Чем ближе подходил он к Климовке, тем меньше встречалось ему людей. Дома стали пониже, пыль погуще. Бабкин ковылял мимо темных и светлых окон. Темные — это где живут заводские рабочие, они еще спят, а где окна светлые — там совхозные, эти встают с зарей. Светлых окон с каждым годом остается на совхозной окраине все меньше и меньше: народ перебирается поближе к центральной усадьбе, в новые квартиры, а иные — и в город. Вот и Пашкино окошко потемнеет, братец тоже решил стать заводским вольным человеком.

Бабкин представил, как по субботам Павлуня будет выходить в тапочках на босу ногу и в майке — посидеть на скамеечке перед домом, как это делают «городские».

Бабкин смотрел на темные окошки и не заметил, как со скамейки навстречу ему поднялась знакомая фигура.

— А я вот тут все… — услышал он знакомый голос. — Как ты-то, как нога-то?

— Болит, — сознался Бабкин. Он обрадовался братцу. — Ты чего рано поднялся?
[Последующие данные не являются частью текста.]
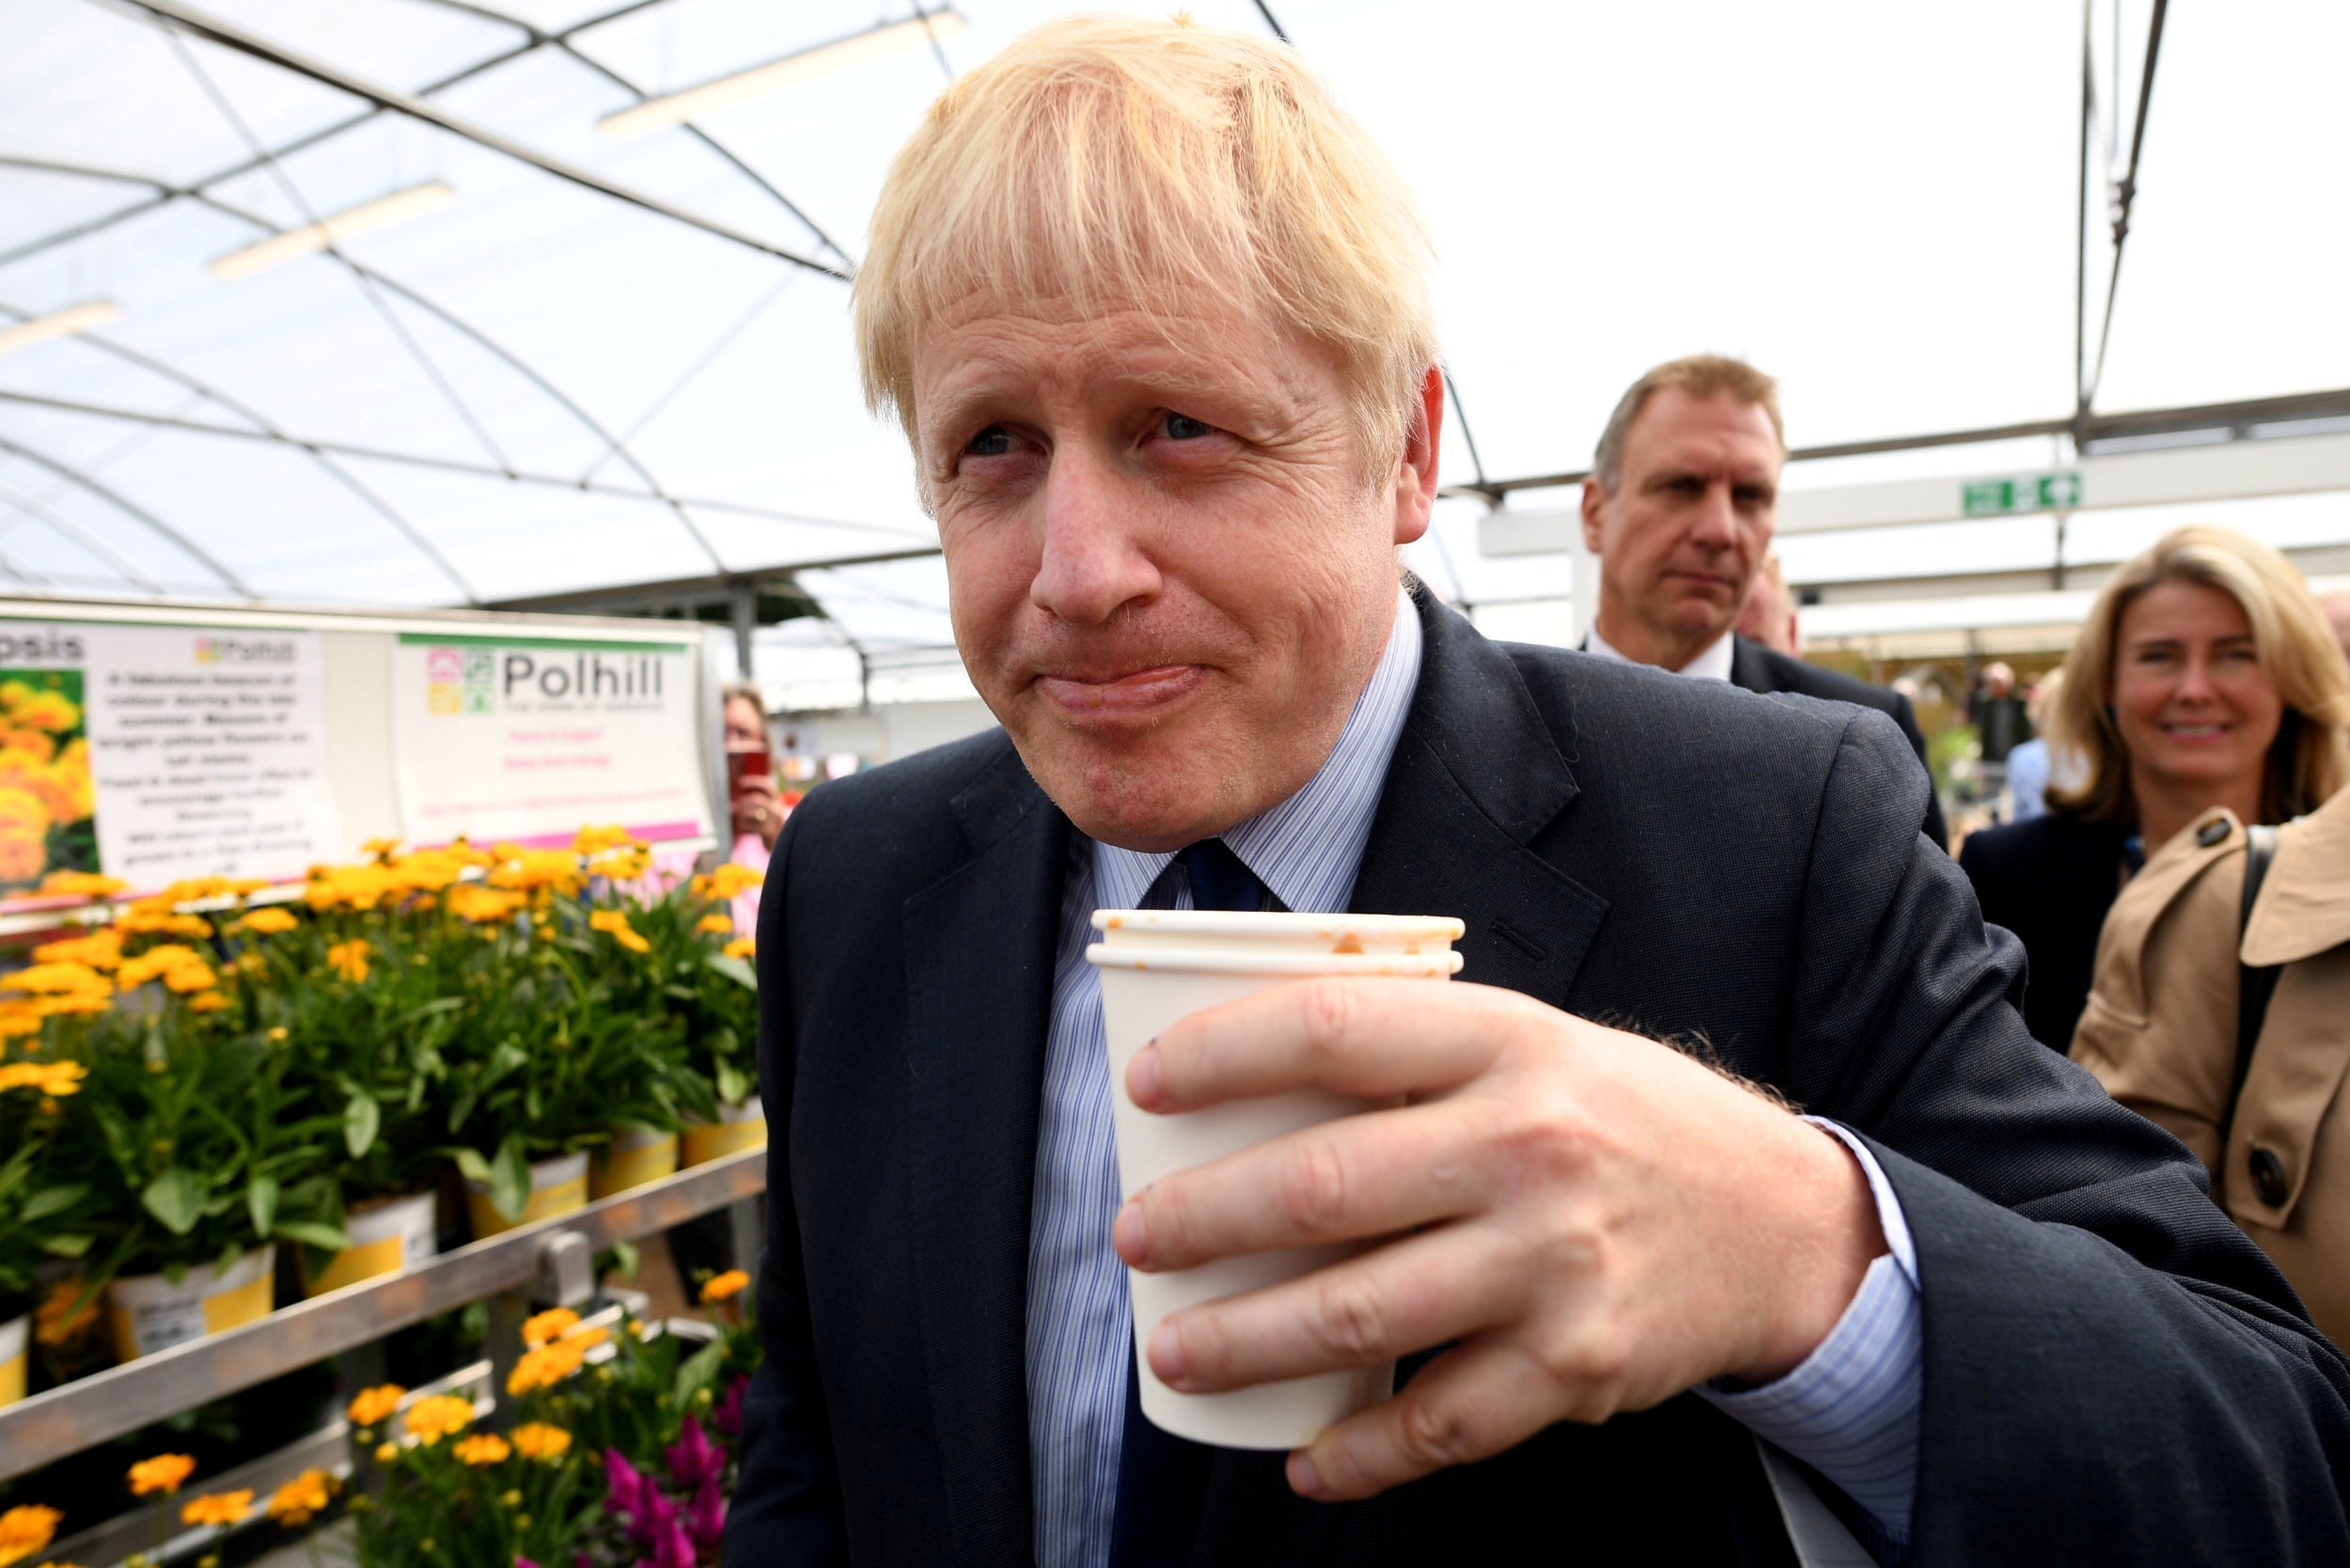 Boris Johnson ‘denied’ full access to intelligence by Downing St while foreign secretary

Бессонница?

— Ага, — вздохнул Павлуня. — Тебя встречаю. Один дойдешь? Нога все-таки…

— Дойду, — успокоил человека Бабкин и сам доковылял до своего песчаного клина, слыша за спиной торопливое дыхание братца.

На поле стояла благодатная тишина. Климовские бабушки уже сидели возле избушки на перевернутых ящиках и, пощелкивая семечки, слушали Мишин приемник.
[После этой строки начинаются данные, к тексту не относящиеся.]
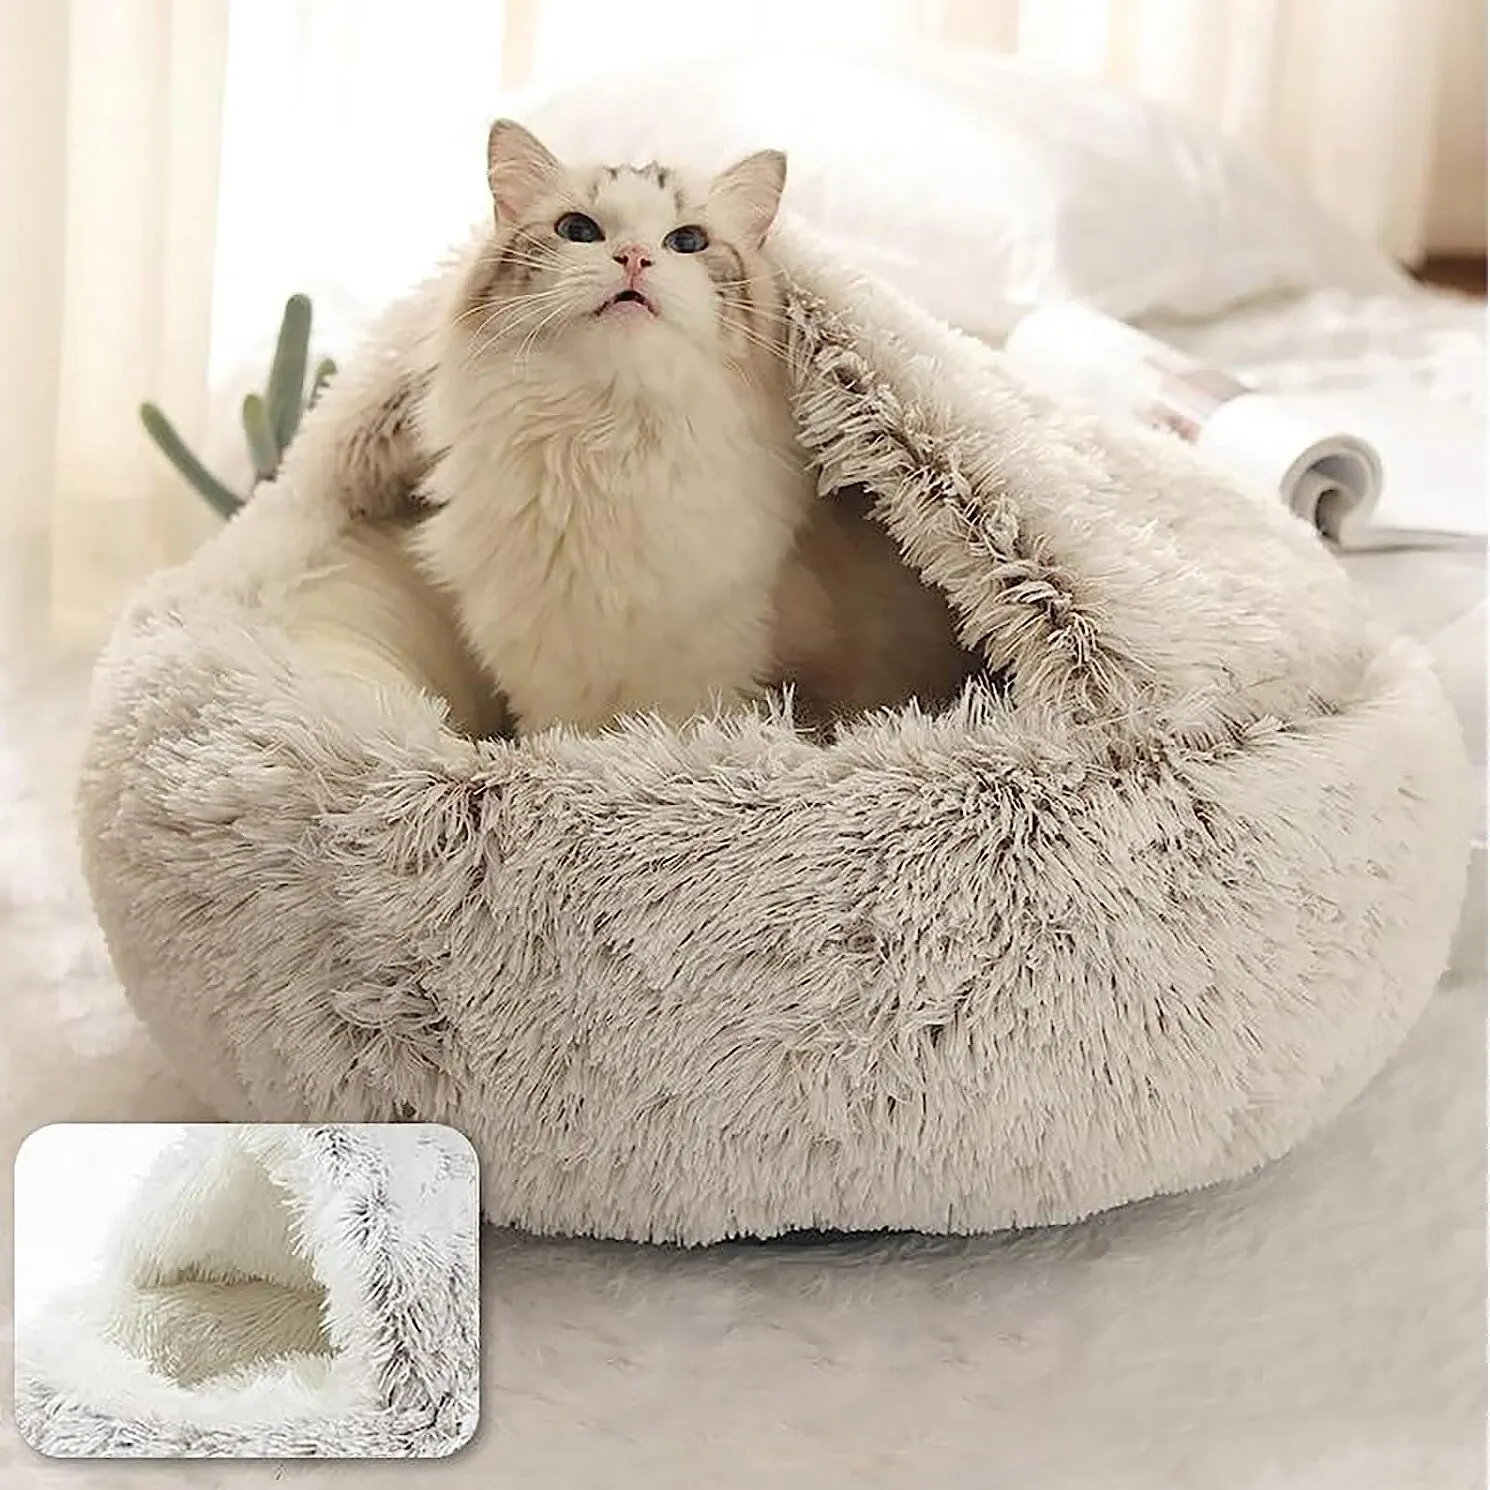 Adorable cat enjoying the luxurious embrace of a fluffy faux fur pet bed, with a close-up inset showing the bed's plush interior.

— Здравствуйте, — сказал им звеньевой.

— Здравствуй, Миша, милок! — отвечали с удовольствием сестрицы и поглядывали на берег, где в отдалении маячил тоскливый сборщик Павлуня. — Иди к нам! — помахали они братцу, но тот уныло отвечал им:

— Не, мне пора…

На реке согласно загрохотало: это запустили свои насосы механизаторы на понтонах. Над капустой ударила водяная пушка, раскрылись над лугом брызгучие зонтики, родился над свеклой самодельный дождик. Полив шел по всему совхозу.
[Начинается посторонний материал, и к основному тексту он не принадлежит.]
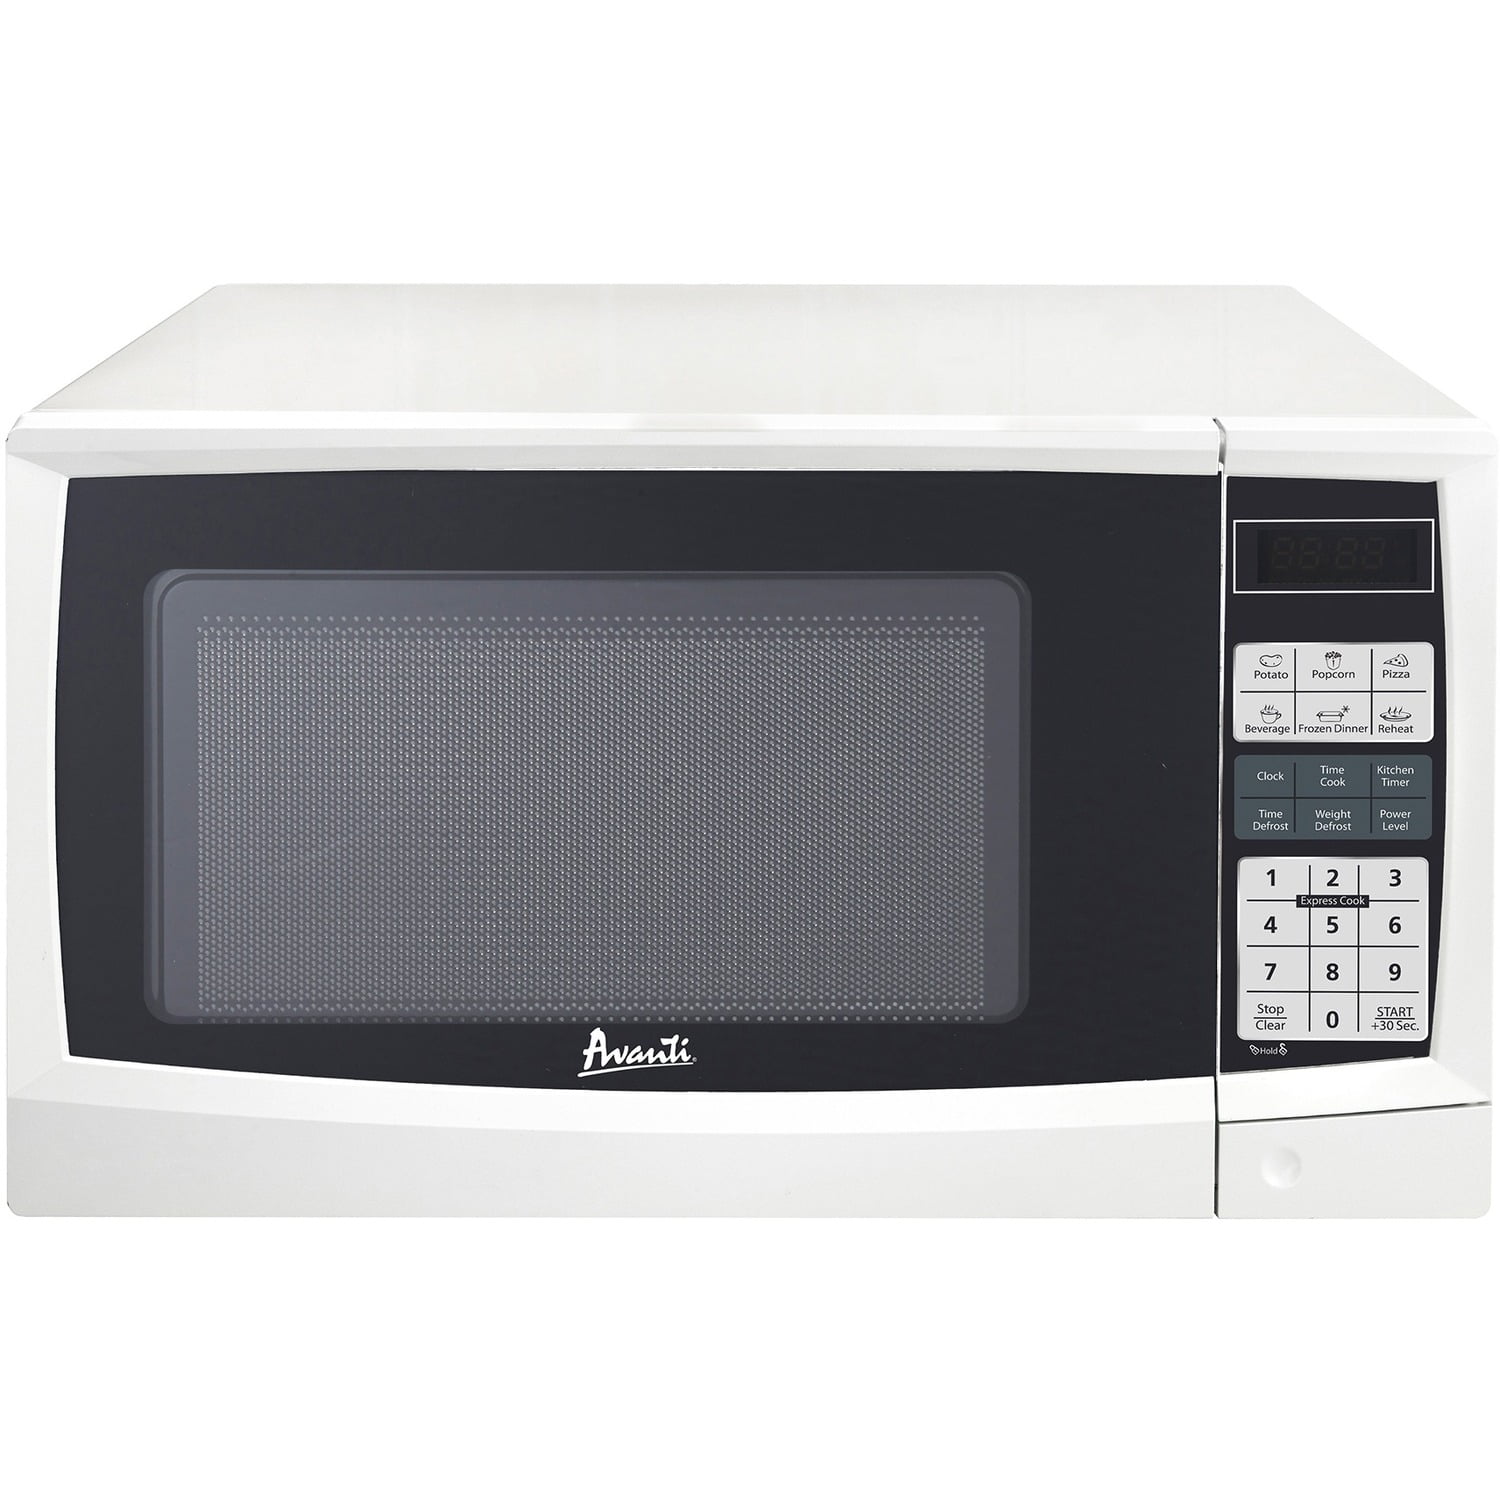 MO7191TW in White by Avanti in Bangor, ME - 0.7 cu. ft. Microwave Oven

И за гулом сильных дизелей совсем не было слышно голоса Санычева движка, холодного, старого, доживающего свой век. Бабкин подумал о том, что все в Климовке такое же древнее, хлипкое — и поле, и дома, и старушки. Поглядев еще раз на мощный полив за лесной полосой, он перевел взгляд на старую дождевалку, которая не густо сеяла водичку на его морковку. А по пыльной дороге шагал к мосту незадачливый братец…

Затрещал мотоцикл и подъехал Боря Байбара.

— Теперь небось до смерти не сядешь? — спросил он Бабкина, похлопывая по седлу.

Бабкин подошел к нему, заглянул в глаза, в душу:

— Боря! Вот мой шассик. Он заправлен, весь в порядке. Поработай часок, а? Мне вот как нужно!

— Опять! — испугался Боря Байбара. — Опять глупости!

— Нет, это не то. Это дело совсем серьезное — насчет Пашки.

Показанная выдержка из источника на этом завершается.